Method	Frequency	Retention	Description
`pg_dump` (full)	Daily 02:00 UTC	30 days	Logical full backup
WAL archiving	Continuous	7 days	Point-in-time recovery (PITR)
pg_basebackup	Weekly	4 weeks	Physical full backup

Automated pg_dump Script

#!/bin/bash
# scripts/backup-postgres.sh

BACKUP_DIR="/backups/postgres"
TIMESTAMP=$(date +%Y%m%d_%H%M%S)
BACKUP_FILE="${BACKUP_DIR}/skillquest_${TIMESTAMP}.dump"

# Full compressed backup
pg_dump -Fc -h localhost -U skillquest_admin skillquest > "${BACKUP_FILE}"

# Verify backup integrity
pg_restore --list "${BACKUP_FILE}" > /dev/null 2>&1
if [ $? -eq 0 ]; then
  echo "Backup verified: ${BACKUP_FILE}"
else
  echo "ERROR: Backup verification failed!" >&2
  exit 1
fi

# Remove backups older than 30 days
find "${BACKUP_DIR}" -name "*.dump" -mtime +30 -delete

# Upload to object storage
aws s3 cp "${BACKUP_FILE}" s3://skillquest-backups/postgres/

WAL Archiving Configuration

# postgresql.conf
wal_level = replica
archive_mode = on
archive_command = 'aws s3 cp %p s3://skillquest-backups/wal/%f'
archive_timeout = 300

Redis Backup

Method	Frequency	Retention	Description
RDB	Every 15 minutes	7 days	Point-in-time snapshot
AOF	Continuous (fsync)	3 days	Append-only file

# redis.conf
save 900 1
save 300 10
save 60 10000
appendonly yes
appendfsync everysec

Recovery Objectives

Metric	Target	Description
RTO	4 hours	Maximum time to restore full service
RPO	1 hour	Maximum acceptable data loss window

Disaster Recovery Procedures

Scenario 1: Database Failure

Detect: Automated alert from DatabaseDown or health check failure.
Assess: Check PostgreSQL logs and connection status.

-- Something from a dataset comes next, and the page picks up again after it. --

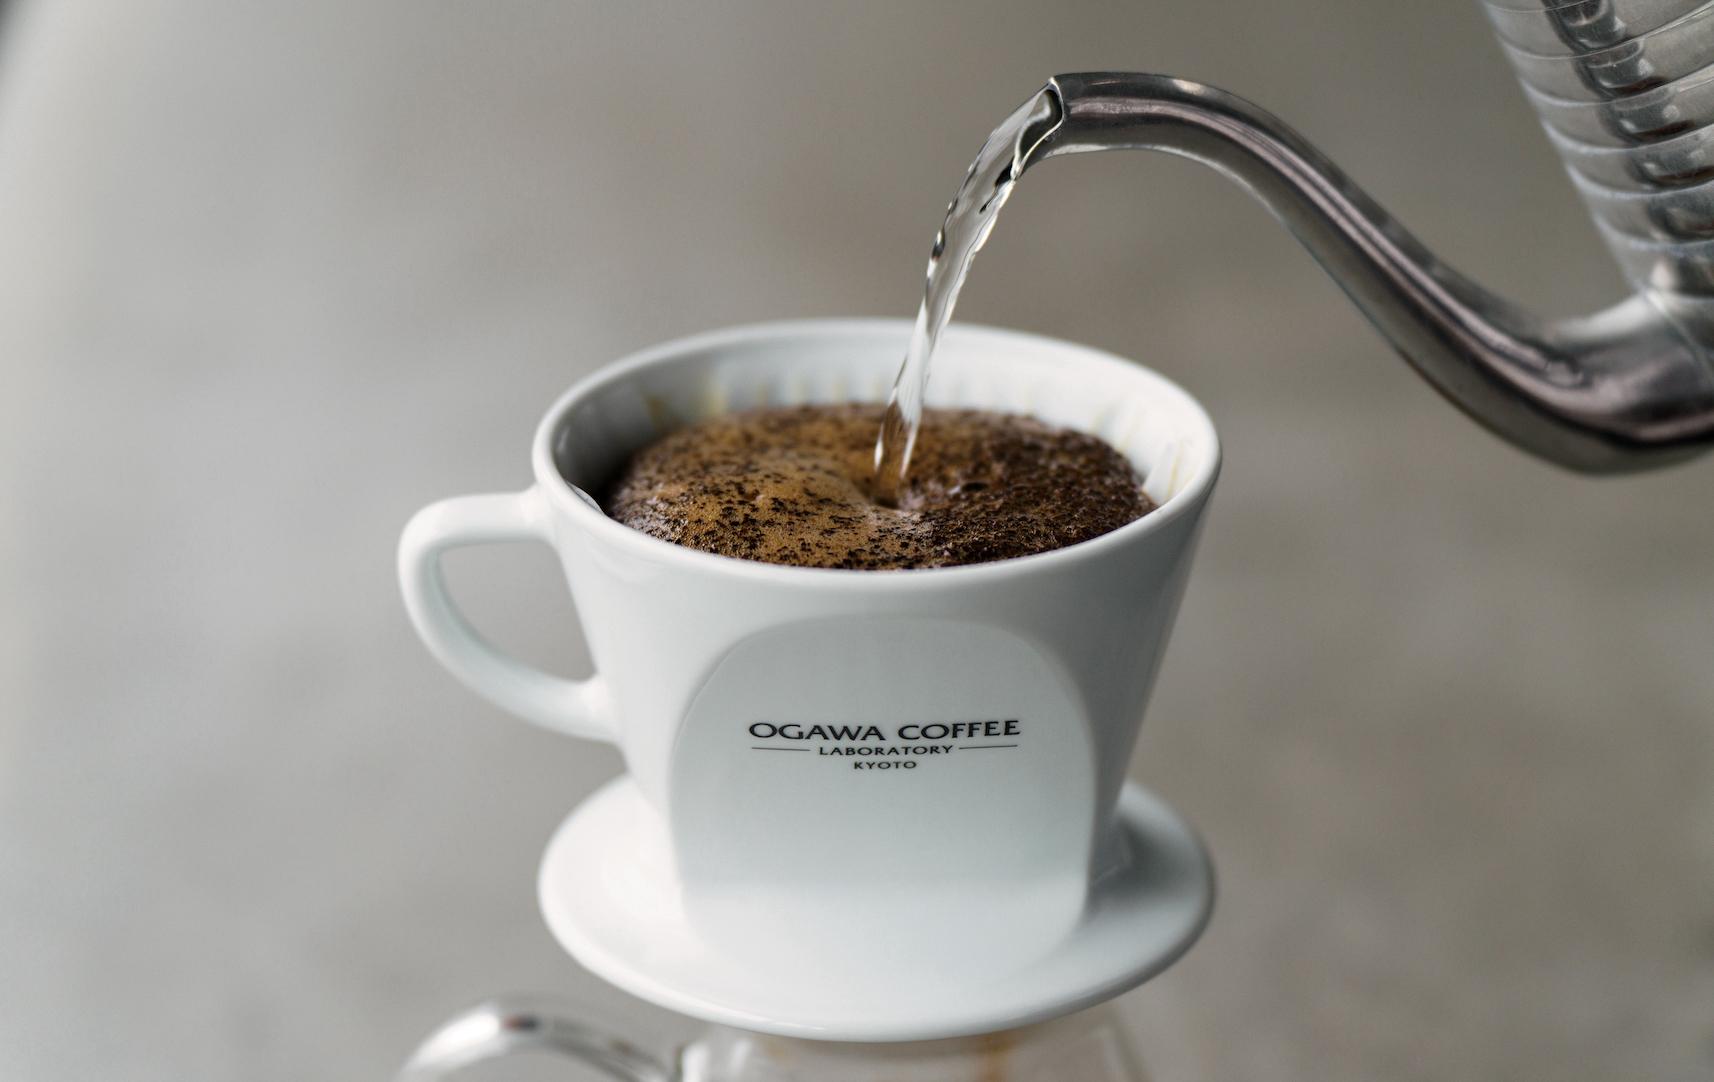 OGAWA COFFEE体験型旗艦店 下北線路街にオープン

Failover (if using replication):

# Promote standby to primary
pg_ctl promote -D /var/lib/postgresql/data
# Update DNS/connection strings to point to new primary

Restore from backup (if no standby):

# Stop the API to prevent data corruption
docker compose stop api web ai

# Restore from latest pg_dump
pg_restore -d skillquest /backups/postgres/latest.dump

# Apply WAL logs for point-in-time recovery
# Configure recovery.conf with restore_command

# Restart services
docker compose start api web ai

Verify: Run health checks and spot-check recent data.

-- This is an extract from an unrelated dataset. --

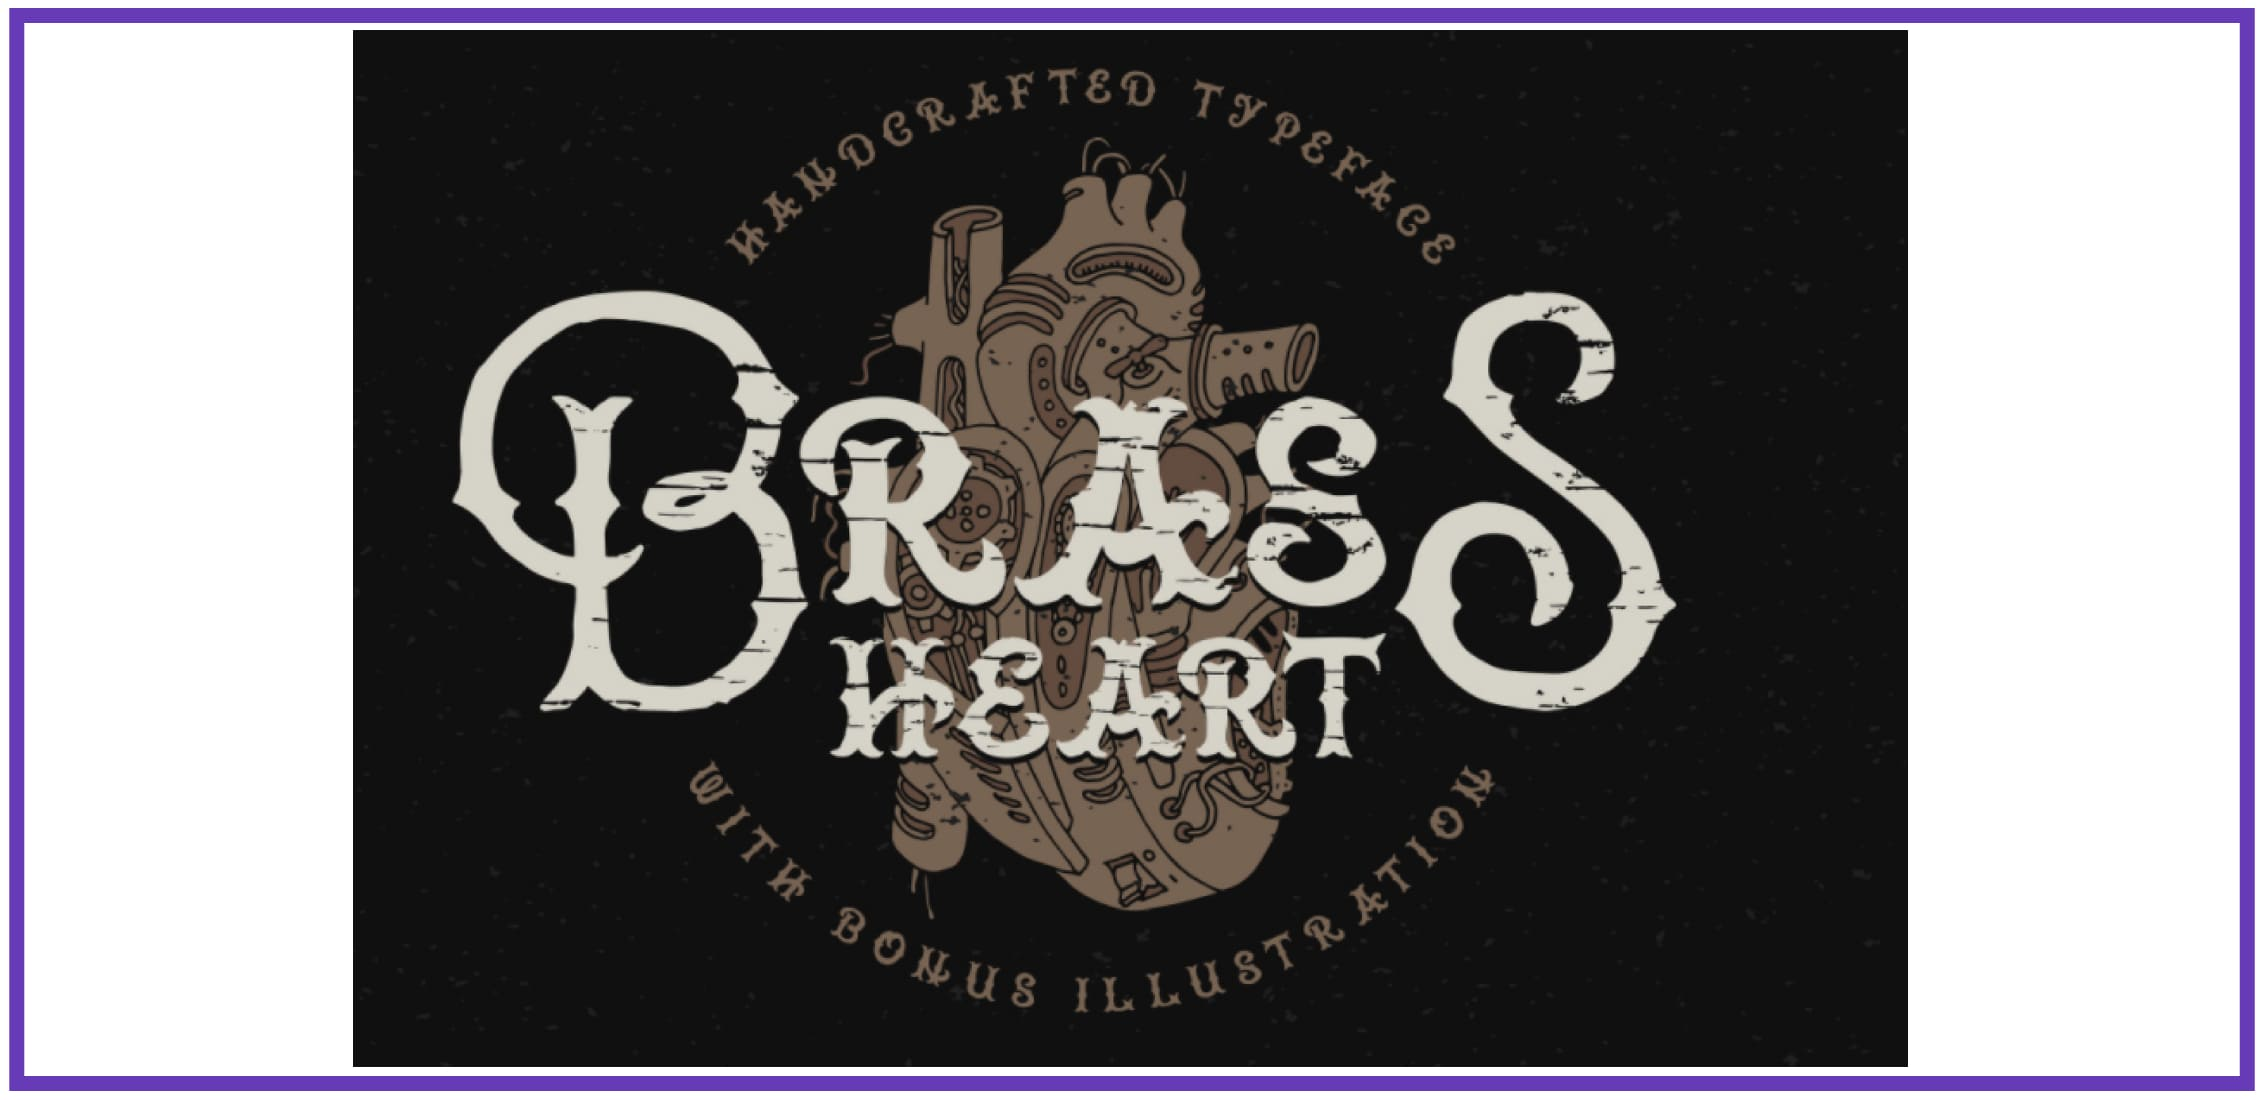 Vintage-inspired Brass Heart. Punk Font.

Scenario 2: Complete Infrastructure Loss

Provision new infrastructure (Terraform or manual).
Restore PostgreSQL from S3 backup.
Restore Redis (or allow cache warming from DB).
Deploy application via Helm or Docker Compose.
Update DNS records.
Verify all health checks and run smoke tests.

Scenario 3: Data Corruption

Identify the corruption timestamp from audit logs.
Stop write traffic (enable maintenance mode).
Restore to the point-in-time just before corruption using WAL PITR.
Verify data integrity.
Resume traffic.

Common Issue Runbooks

Runbook 1: Database Connection Pool Exhaustion

Symptoms: API returns 503 errors, logs show “connection pool exhausted”.

Diagnosis:

# Check active connections
psql -c "SELECT count(*), state FROM pg_stat_activity GROUP BY state;"

# Find long-running queries
psql -c "SELECT pid, now() - pg_stat_activity.query_start AS duration, query
         FROM pg_stat_activity
         WHERE state = 'active' AND now() - pg_stat_activity.query_start > interval '30 seconds'
         ORDER BY duration DESC;"

Resolution:

Kill long-running queries:

psql -c "SELECT pg_terminate_backend(pid) FROM pg_stat_activity
         WHERE state = 'active' AND now() - query_start > interval '5 minutes';"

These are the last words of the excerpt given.